Mein Tipp, wenn ihr euch den Film antun wollt: schaut ihn euch mit Freunden an, dann könnt ihr euch gegenseitig hauen wenn die Gefahr droht, dass ihr einschlaft. Und das wird passieren, garantiert. Oder noch viel besser, tut euch das erst gar nicht an. Wirklich nicht. Eine Wurzelbehandlung beim Zahnarzt ist besser als dieser Film. Ohne Scheiss.
Oho das hört sich so gut an das ich ihn sehen muss!
Ein zwei, acht Bier, ein paar gute Freunde um einen rum und Filme wie Anaconda vs. Phyton 2 werden zu ganz ganz großem Blockbusterkino.
Du hast ja so Recht!
Nach der ersten (gibt es da etwa mehrere?!) fehl am Platz wirkenden Sexszene, die, ich weiß es noch wie gestern, mit “7 seconds” von Neneh Cherry untermalt wurde (ebenfalls ziemlich fehl am Platze, wenn man den Songtext bedenkt), habe ich den Film übrigens ausgeschaltet und nie wieder einen Versuch unternommen, ihn mir anzusehen.
Danke, dass ich jetzt definitiv weiß, dass es das Richtige war.
Dabei fand ich die Spiele eigentlich ganz gut… schade.
Fast jeden Abend so einen Schrott gucken – Du gibst ja wirklich alles. Hohe Anerkennung :-)
Ich kann mich im Nachhinein nicht mehr ganz daran erinnern welche unglücklichen Umstände dazu geführt haben, aber den Film habe ich damals sogar im Kino gesehen!

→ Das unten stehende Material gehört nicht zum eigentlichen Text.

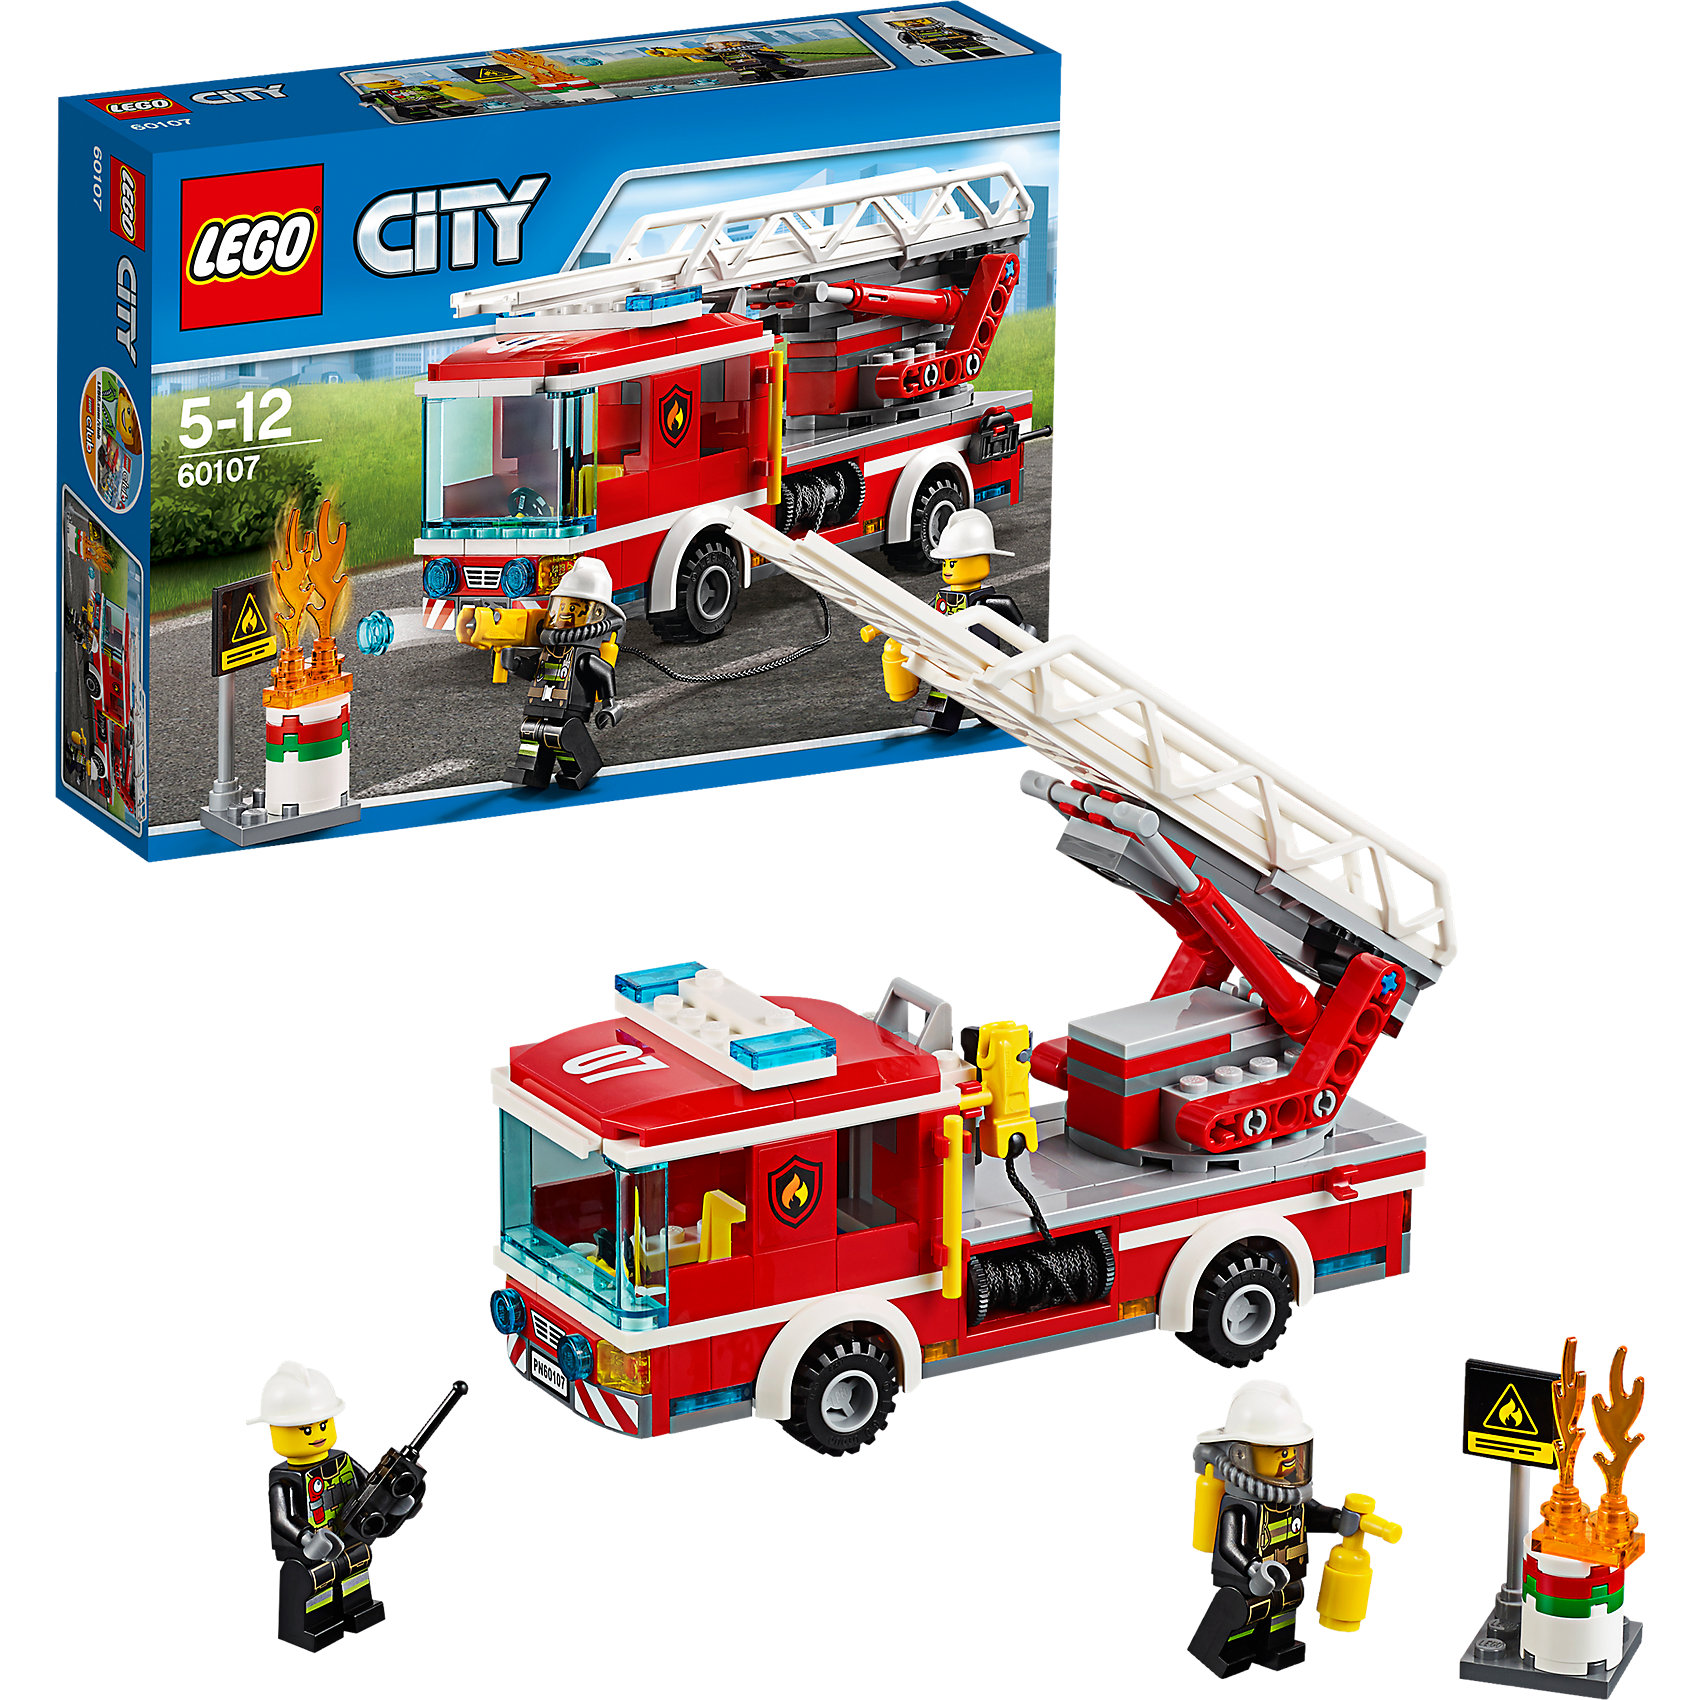 LEGO City 60107: Пожарный автомобиль с лестницейПластмассовые конструкторы<br>LEGO City (ЛЕГО Сити) 60107: Пожарный автомобиль с лестницей подарит Вашему ребенку новые веселые приключения и расширит игровые возможности. В городе Лего загорелась бочка с нефтью! Вместе с командой опытных пожарных поспеши на место происшествия пока бочка не взорвалась. Пожарная машинка, которую Вы сможете собрать из деталей набора, отличается высокой степенью детализации и множеством интересных элементов. Спереди располагается просторная кабина с местом для водителя, рулем, рычагами управления и прозрачным лобовым стеклом. На крыше размещаются сигнальные огни. Задняя часть автомобиля представляет собой платформу с пожарным шлангом, брандспойтом и складной лестницей. Также в комплект входят детали для сборки горящего бака и две минифигурки пожарных с аксессуарами.<br><br>Серия конструкторов  LEGO City позволяет почувствовать себя инженером и архитектором, строителем или мэром города. Вы можете создавать свой город мечты, развивать городскую инфраструктуру, строить дороги и здания, управлять городским хозяйством и следить за порядком.<br>В игровых наборах с разнообразными сюжетами много интересных персонажей, оригинальных объектов и городской техники. Это уникальная возможность для ребенка развивать фантазию и логическое мышление, узнавать и осваивать разные профессии.<br><br>Дополнительная информация:<br><br>- Игра с конструктором LEGO (ЛЕГО) развивает мелкую моторику ребенка, фантазию и воображение, учит его усидчивости и внимательности.<br>- Количество деталей: 214.<br>- Количество минифигур: 2.<br>- Серия: LEGO City (ЛЕГО Сити).<br>- Материал: пластик.<br>- Размер собранной пожарной машины: 8 х 20 х 5 см.<br>- Размер упаковки: 26 х 6 х 19 см.<br>- Вес: 0,365 кг.<br><br>LEGO City (ЛЕГО Сити) 60107: Пожарный автомобиль с лестницей можно купить в нашем интернет-магазине.<br><br>Ширина мм: 265<br>Глубина мм: 189<br>Высота мм: 69<br>Вес г: 369<br>Возраст от месяцев: 60<br>Возраст до месяц

Ich war noch nie so kurz davor mein Geld zurück zu verlangen. Der ganze Film eine bodenlose Frechheit. Und dann noch die übergrottigen Spezialeffekte…
@thegrouch: Ich hab mir zwischendurch ein Sandwich gemacht und den Film weiterlaufen lassen, damit die Qual schneller vorbei ging – ob da nochmal was gelaufen ist, keine Ahnung. Ich weiss jedenfalls genau, dass ich “7 Seconds” nie wieder hören kann…
@Jörn: Mit Alkohol und einer gehörigen Portion Desinteresse lässt sich vieles ertragen. Wobei die Boll-Filme echt ans Limit der Schmerzgrenze gehen ;-)
@maYO: Na, dann konntest du dich ja wenigstens über die Reaktionen der anderen Zuschauer amüsieren :-)
Und das schlimme zum Schluss… es gibt ja auch noch nen zweiten Teil davon *würg* den habe ich zum Glück nur nebenbei sehen müssen :P
Hab ich mitbekommen, aber der ist ja nicht von Boll. Ich hab mir im Rahmen der Reihe hier aber gesagt, dass ich bei Serien immer nur den ersten Teil bespreche, sonst werd ich ja nie mehr fertig (Resident Evil 2 und 3, Tomb Raider 2, Alone in the Dark 2…)
Irre ich mich, oder hat die Filmindustrie es noch nie geschafft aus einem Horrorgame eine gute Verfilmung zu machen. Liegt warscheinlich daran das der Reiz des Spiels darin besteht das der Spieler die Hauptfigur ist, und das fällt im Film weg.